I am aware that on bare metal Linux, or a non-ZFS-based Proxmox VE host, there are advantages to having swap enabled.

So, I'm asking specifically about using swap inside VMs stored as zVols on a thin-provisioned ZFS mirror pool. I have a 4 GiB Debian 13 that I've never seen use more than 1.2 GiB of its allotted 4 GiB of RAM, to the point I might restrict it to 2 GiB soon. Debian 13's default ext4 partition scheme sets up a 2 GiB swap partition.

But, I've seen this VM use swap, even only 256 KiB.

I don't really like this. A zVol backed paravirtualized SCSI virtual disk is always going to be slower than accessing RAM directly, and I gave it it 4 GiB because it's an I/O heavy VM. I don't want to introduce avoidable latency.

So, question: What reasons should I keep this config, where an I/O-intensive VM with enough RAM to never run out of memory is swapping into a zVol-backed virtual disk? What are the downsides of turning off swap in this setup?
Thanks.

leesteken · Apr 14, 2026

SInisterPisces said:
I am aware that on bare metal Linux, or a non-ZFS-based Proxmox VE host, there are advantages to having swap enabled.

Swap inside (Linux) VMs is just as advantageous. Having ZFS (or BTRFS) underneath those VMs is not ideal, but should not be a problem (with enterprise drives) unless they start thrashing, which is a problem of and in itself.
Writing every once in a while to swap is good for performance and througput and memory defragmentation. Continuously writing and also reading swap is called thrashing and very bad.
Of course, running applications with not enough real memory and trying to use swap instead is a terrible idea regardless of virtualization and/or ZFS. And Proxmox does not really support memory over-commitment.

BobhWasatch · Apr 14, 2026

It is very likely to be swapping things out that then never get swapped back in. In which case there's no harm being done, and a slight good in that there's more RAM for caching.

Onslow · Apr 14, 2026

https://chrisdown.name/2018/01/02/in-defence-of-swap.html
- I've found it very interesting

Impact · Apr 14, 2026

I use ZRAM everywhere. Makes partitioning simpler and backups smaller.
Also discussed here: https://forum.proxmox.com/threads/to-swap-or-not-to-swap.181314/

UdoB · Apr 15, 2026

Did we mention this (much newer) article in the other threads? https://chrisdown.name/2026/03/24/zswap-vs-zram-when-to-use-what.html

I must admit that I haven't had zswap on my agenda at all. I read the article twice - and did not understand it completely... :-(

alexskysilk · Apr 15, 2026

zswap is great, but is no substitute for ram. if you are using a production environment (read: for money) just provision sufficient ram. yes its expensive, but its worth much more in consistent performance.

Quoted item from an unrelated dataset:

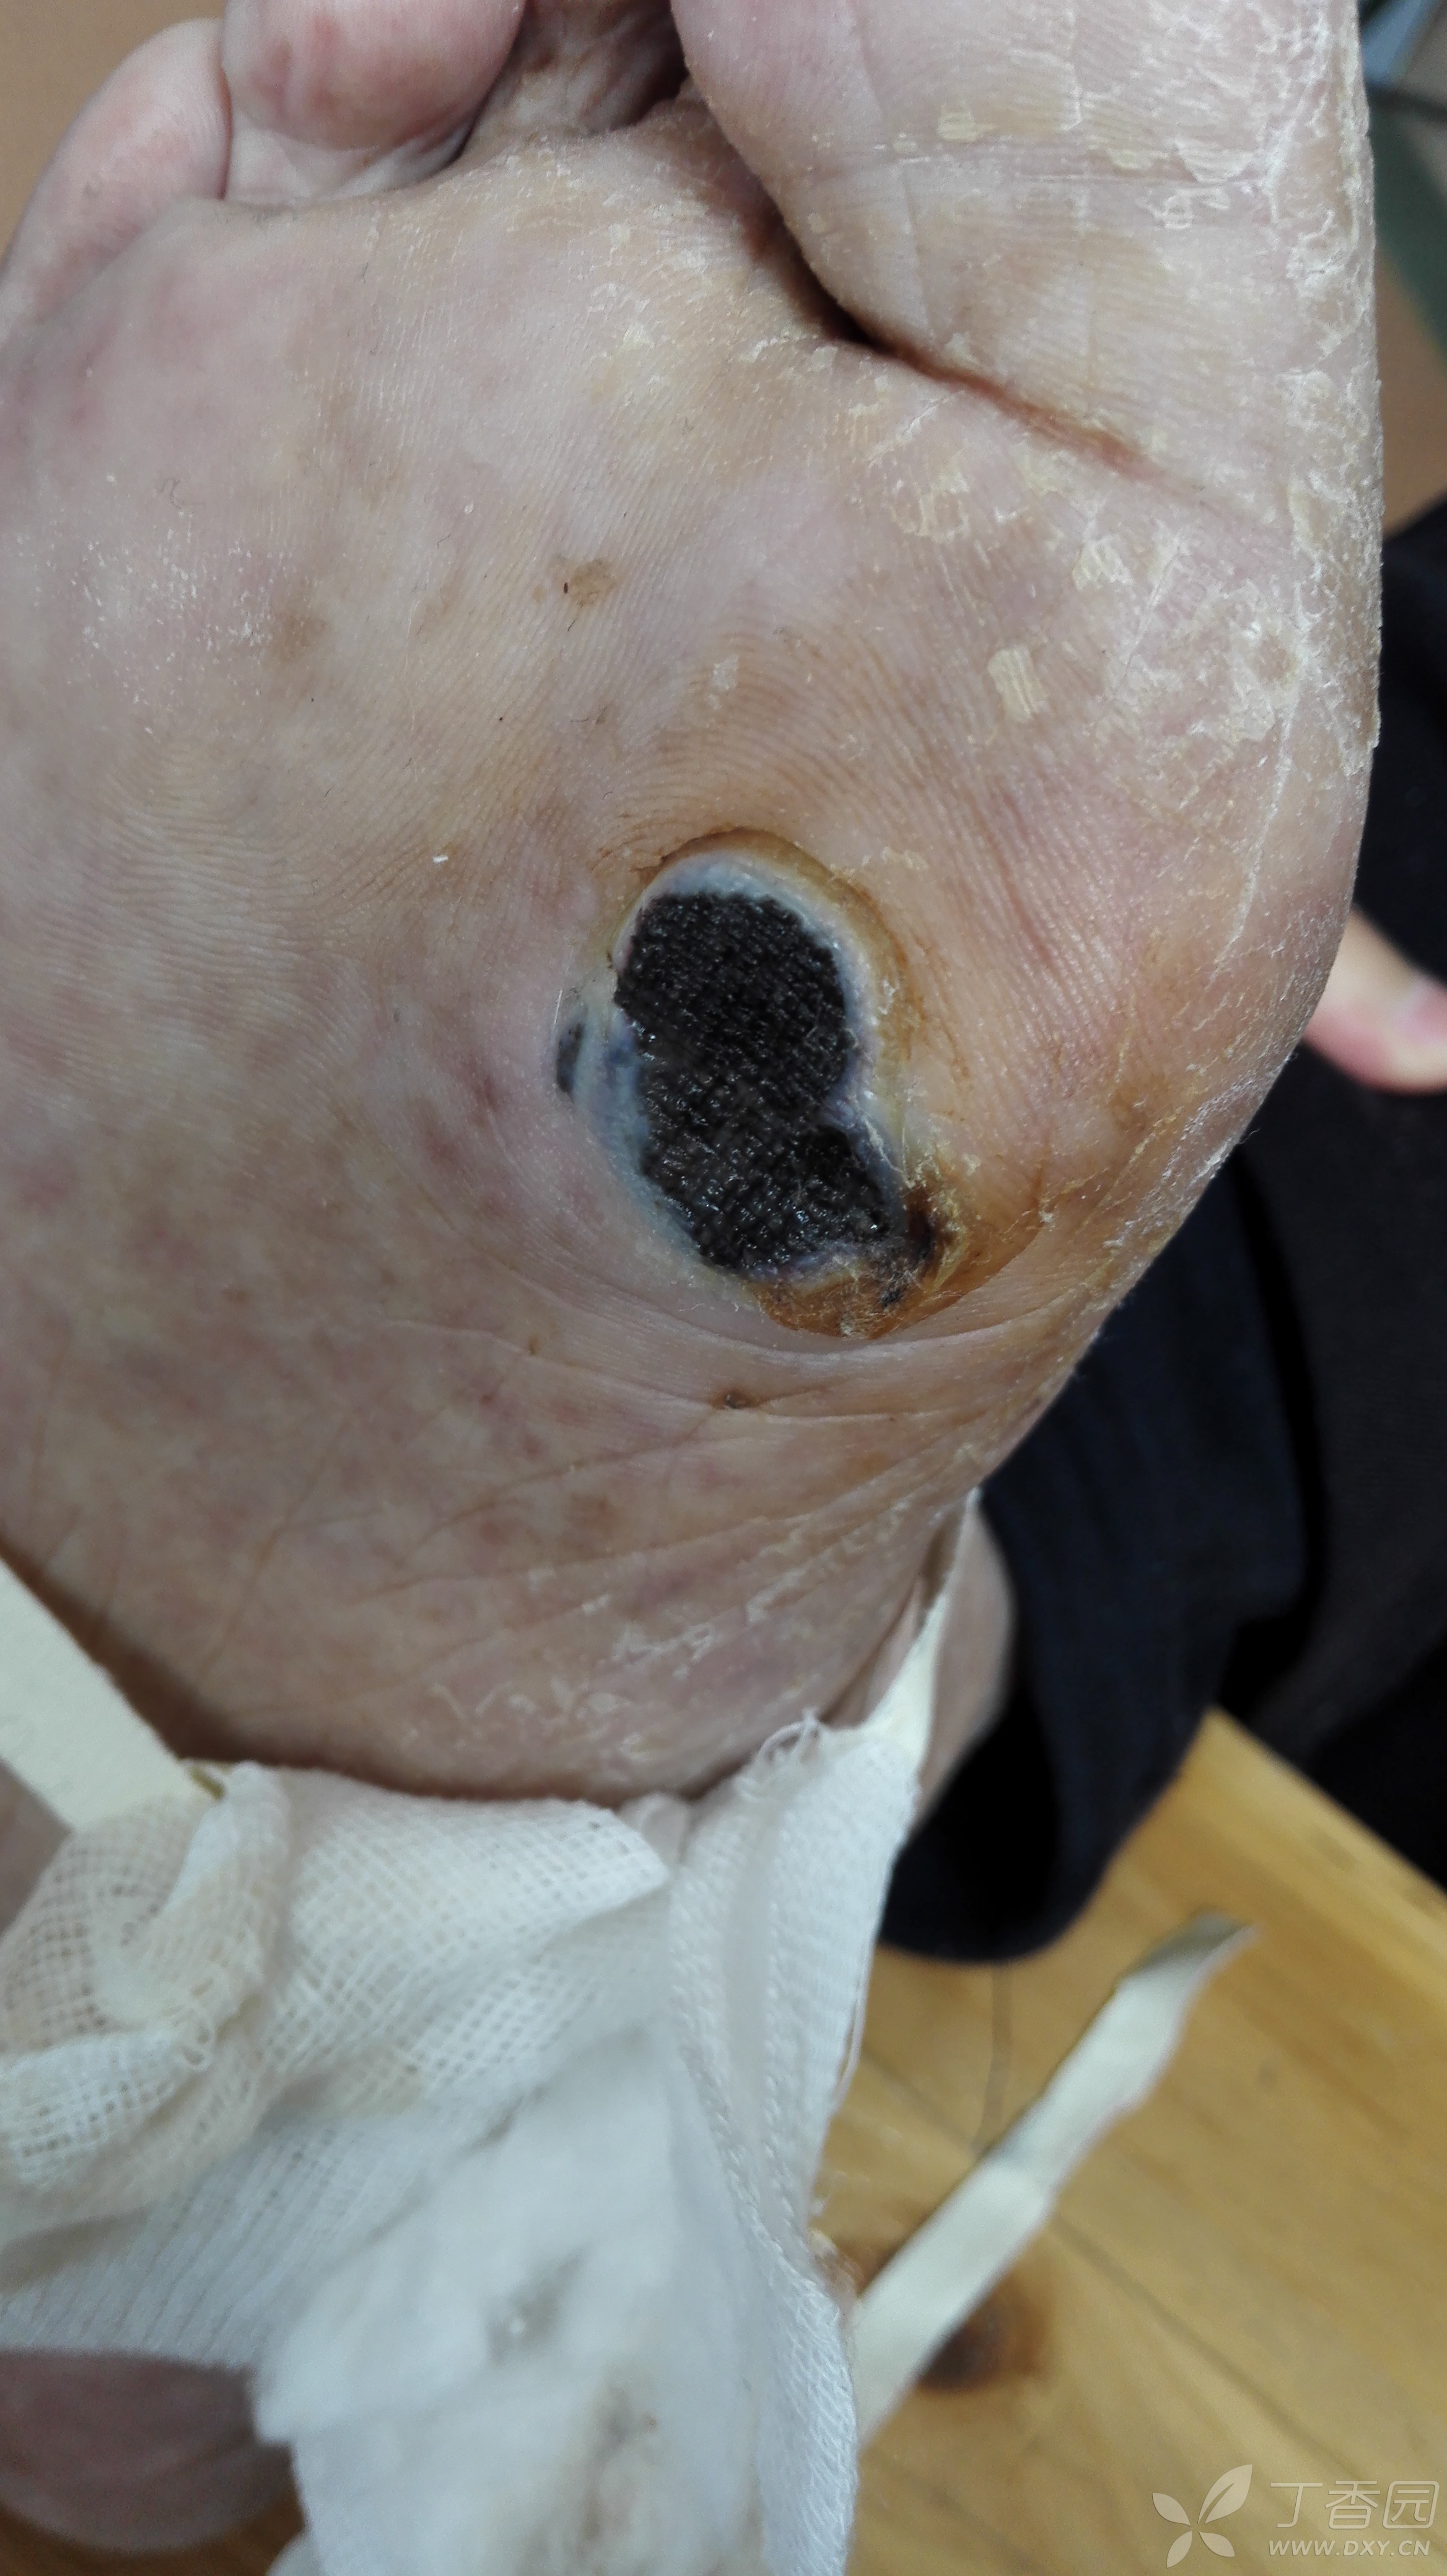 典型病例:恶性黑色素瘤.男85岁,右足色素性溃疡伴疼痛

IsThisThingOn · Apr 15, 2026

I disable it.

Johannes S · Apr 15, 2026

UdoB said:
Did we mention this (much newer) article in the other threads? https://chrisdown.name/2026/03/24/zswap-vs-zram-when-to-use-what.html

I didn't but will definitevly change this asap

One should take into account that for zswap you always need physical swap as backing device. For example if you use the defaults of PVEs installer for ZFS you will endup without space for a dedicated swap device. And swapfiles are not recommended for ZFS since they caused problems in the past (not sure which exactly to be fair). And physical swap will be slower than a ram disc.
Another thing to consider is that depending on your perspective you might end up with a different perspective than a kernel developer.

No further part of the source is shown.